The Conservative Party conference agenda published yesterday shows grassroots Tories are on the warpath over the tax increases and are demanding the restoration of mortgage interest relief and the married couple's allowance.
Mr Clarke's constituency, Rushcliffe, has joined calls for tax cuts and the Prime Minister's Huntingdon constituency calls for the abolition or cuts in inheritance tax. But the Chancellor was at pains to dampen expectations of tax cuts in the Budget. In an optimistic speech on the economy, he said he would not put steady growth or low inflation at risk by ``playing fast and loose with the public finances''.
In a warning aimed at departmental ministers near the end of the public expenditure round, Mr Clarke said lower taxes depended on controlling spending without damaging key public services. ``Nobody should assume that tax cuts are safely in the bag,'' he said.
"Of course the majority of the public always likes tax cuts, but the public only want tax cuts that will last," he told a conference.

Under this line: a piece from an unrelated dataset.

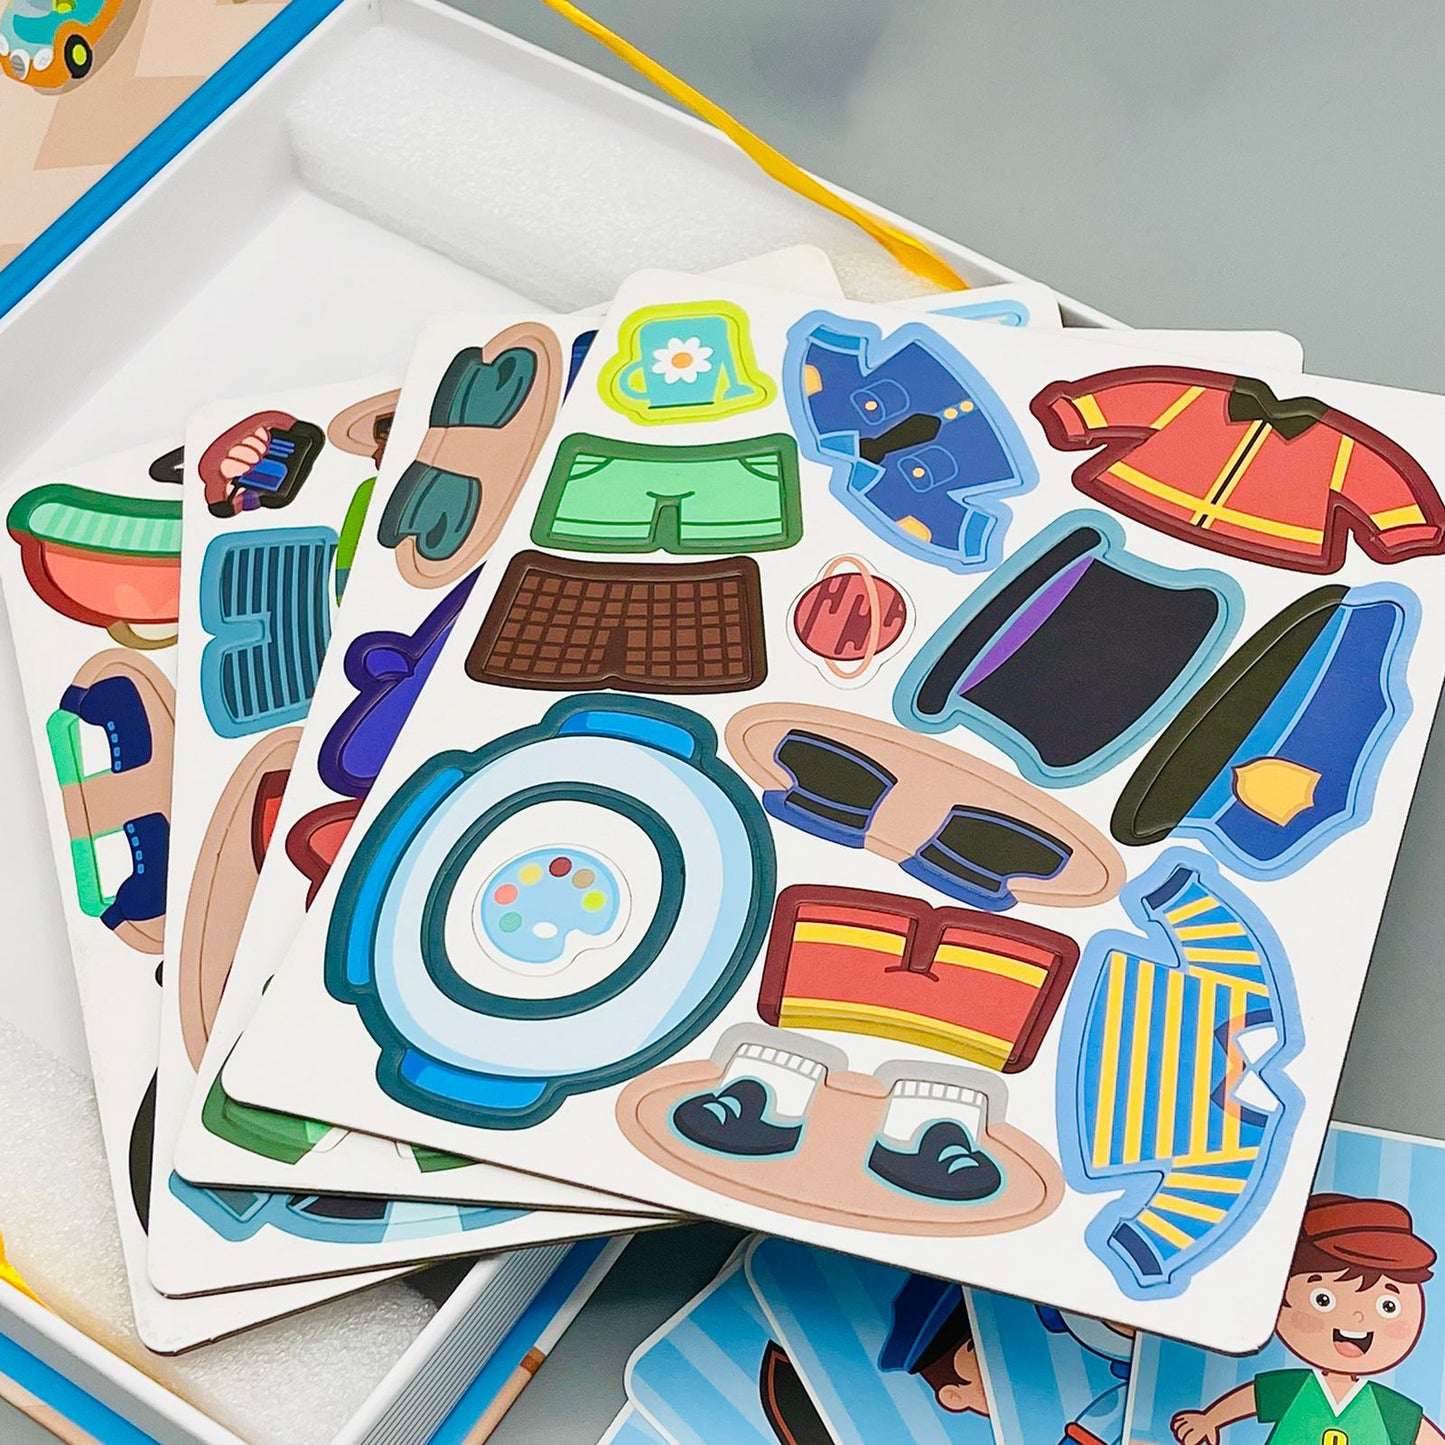 Magnetic Book Puzzle For Kids Learning, Education and Cognition Development

The room for manoeuvre was reduced this week by borrowing figures showing that the Chancellor risks overshooting his target for the public sector borrowing requirement. That intensified the pressure on ministers to cut public expenditure.
About half of nearly 200 conference motions tabled on the economy call for cuts in taxes and many echo Labour criticism at the betrayal of Tory election promises. They underline the anger among Tory voters at the collapse in the housing market and demand action, although Mr Clarke has already ruled out measures to deal with negative equity.
Many constituencies want Mr Clarke to revive the market by restoring mortgage interest relief to 25 per cent. Some call for it to be raised from a ceiling of pounds 30,000 to cover mortgages up to pounds 50,000 or pounds 60,000.
The Chancellor, speaking in London to the Engineering Employers' Federation, warned that he would set monetary policy to hit the inflation target - 2.5 per cent, with a 1 per cent to 4 per cent comfort zone.